La Loi de Finances pour 2020 a été promulguée

Par une décision du 27 décembre 2019, le Conseil constitutionnel[1] a validé les principales mesures instaurées par la Loi de finances pour 2020 (la Loi). Cette Loi a fait l’objet d’une promulgation dimanche.

De nombreux amendements ont été proposés par le Sénat, notamment en matière d’impôt sur la fortune immobilière. Toutefois, ces amendements ont en grande majorité été rejetés par les députés, à l’exception notable du relèvement par les députés de la quote-part de frais et charges sur les plus-values sur titres de participation de 12 à 13,29 %, supprimée par les sénateurs sans être réintroduite.

Parmi ses objectifs les plus souvent cités par le gouvernement, la Loi transforme le crédit d'impôt pour la transition énergétique, supprime la taxe d'habitation et baisse l’impôt dû par les foyers se trouvant dans les tranches inférieures de l’impôt sur le revenu. La Loi introduit aussi plusieurs dispositions intéressant les entreprises et les dirigeants dont vous trouverez un résumé ci-dessous.


Mesures intéressant les entreprises


Dispositions ayant été adoptées sans modifications majeures

La majorité des dispositions intéressant les entreprises ont été adoptées sans modifications majeures.


i. La baisse de l’impôt sur les sociétés est infléchie pour les grandes entreprises

La Loi prévoit que l’abaissement du taux d’impôt sur les sociétés sera infléchi pour les entreprises ayant réalisé un chiffre d'affaires au moins égal à 250 M €.


ii. Transposition des règles anti-hybrides

Pour rappel, le projet de loi remplaçait les dispositions anti-hybrides actuelles de l’article 212 I, b du Code général des impôts (CGI) par les dispositions anti-hybrides de la Directive dite ATAD (anti-tax avoidance directive)[2]. Ces dispositions visent les montages aboutissant notamment à ce que des paiements transfrontaliers soient déductibles dans un Etat membre sans être imposables dans l’autre Etat, déductibles simultanément dans deux Etats différents, ou encore imposables dans aucun Etat.

En dépit d’une tentative du Sénat d’introduire une exception en faveur du secteur bancaire, les nouvelles dispositions anti-hybrides ont été adoptées sans modification majeure.


iii. Transfert d’un actif isolé

La disposition qui étendait la possibilité d’étaler sur cinq ans de l’imposition des plus-values résultant du transfert vers un autre Etat membre du siège ou d’un établissement d’une entreprise, aux plus-values résultant du transfert d’un actif immobilisé isolé de France vers un autre Etat membre, est adopté sans modifications.


iv. Transposition des Directives relatives à la TVA

Les dispositions de transposition des directives relatives au régime de TVA ont été adoptées sans modifications[3].

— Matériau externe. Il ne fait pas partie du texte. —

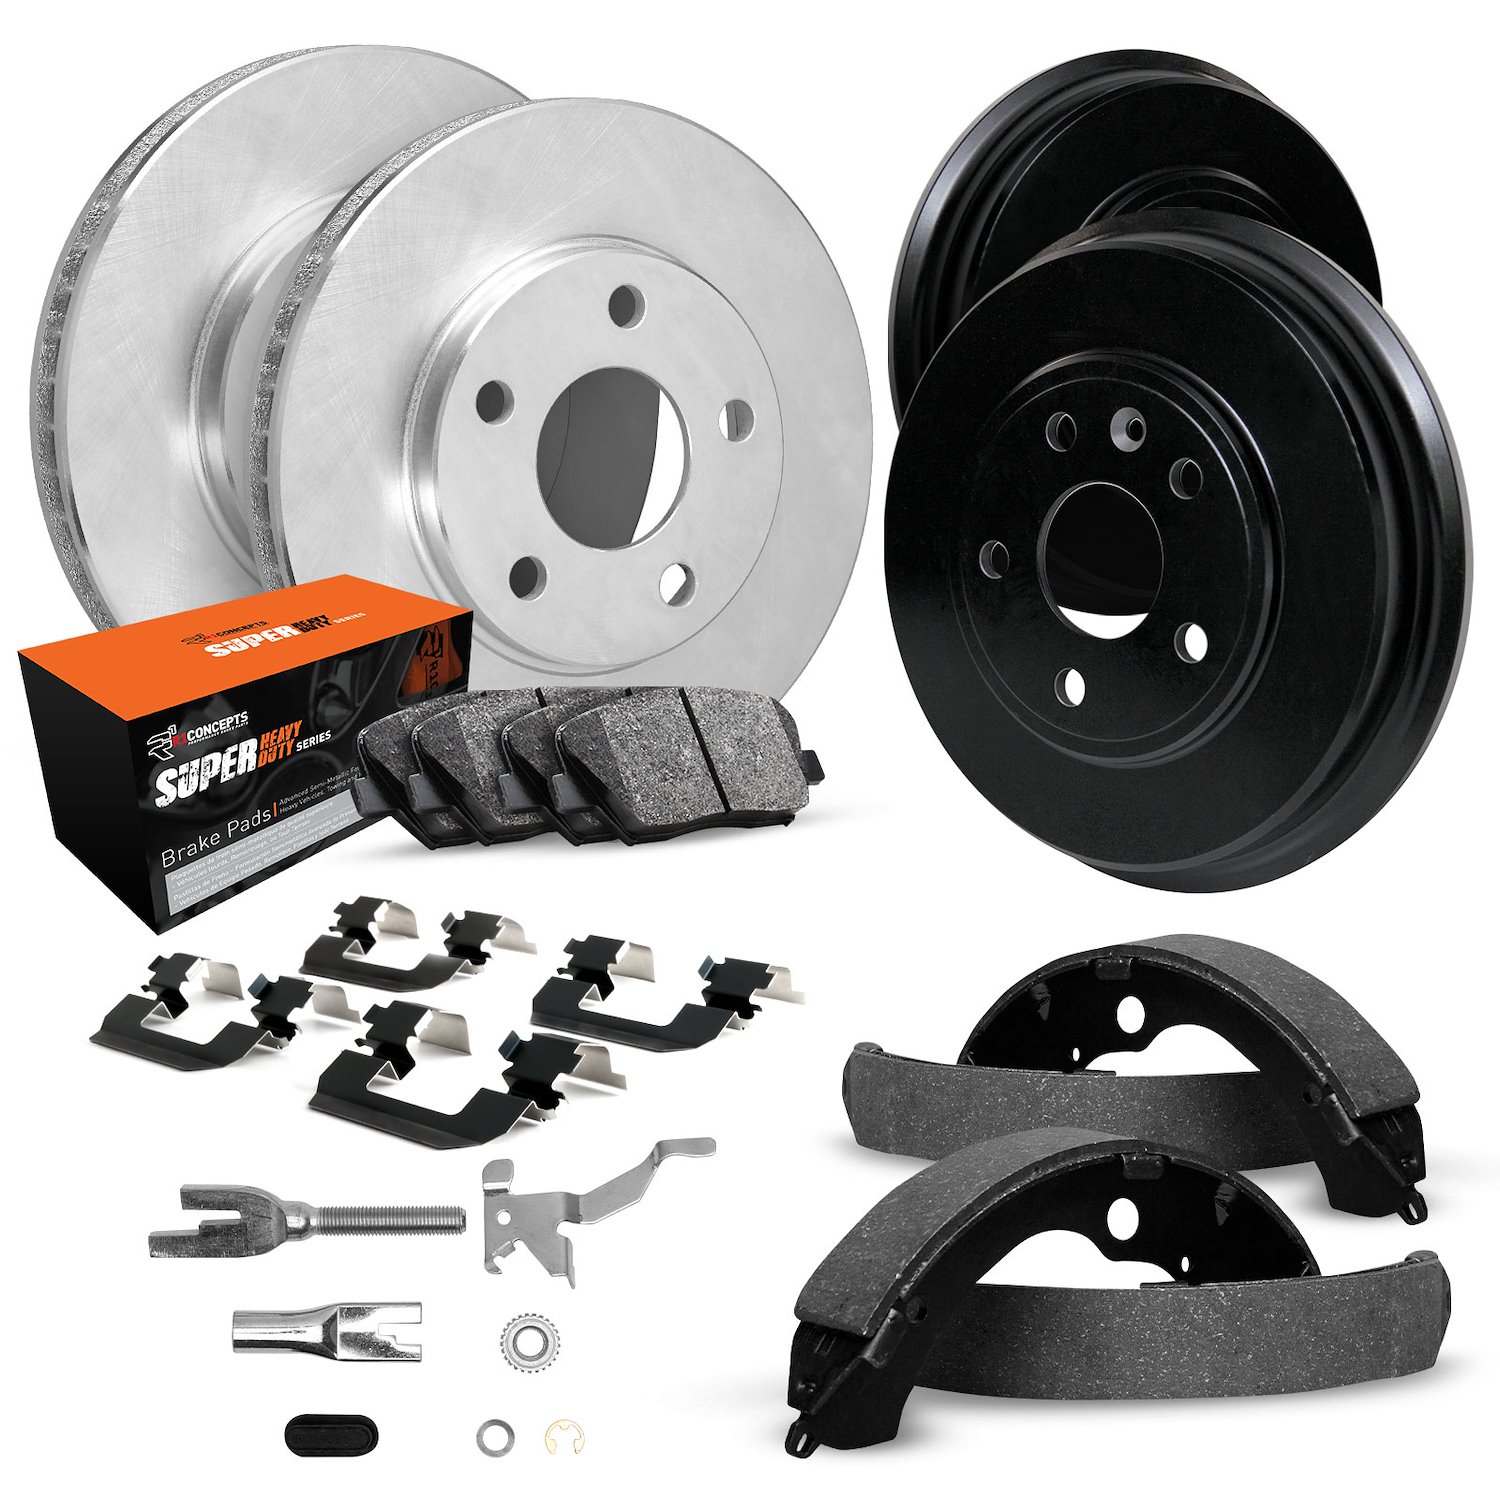 E-Line Blank Brake Rotor & Drum Set w/Super-Duty Pads, Shoes, Hardware, & Adjusters, 1977-1991 GM, Position: Front & Rear

Pour rappel, ces directives modifient le régime des ventes à distance. Ce régime autorise les opérateurs à appliquer la TVA de l’Etat membre d’expédition dans la limite d’un seuil de chiffre d’affaires lié à ces ventes à distance fixé par l’Etat membre (35.000 € en France). Ce seuil est dorénavant fixé à 10.000 € pour l’ensemble des Etats membres. La TVA de l’Etat du destinataire sera alors déclarée et acquittée auprès d’un guichet unique situé dans l’Etat membre du fournisseur.

Par ailleurs, les importations de marchandises de faible valeur (inférieure à 150 €) à partir de pays tiers à l’Union européenne seront exonérées de TVA sous condition de déclaration auprès d’un guichet unique.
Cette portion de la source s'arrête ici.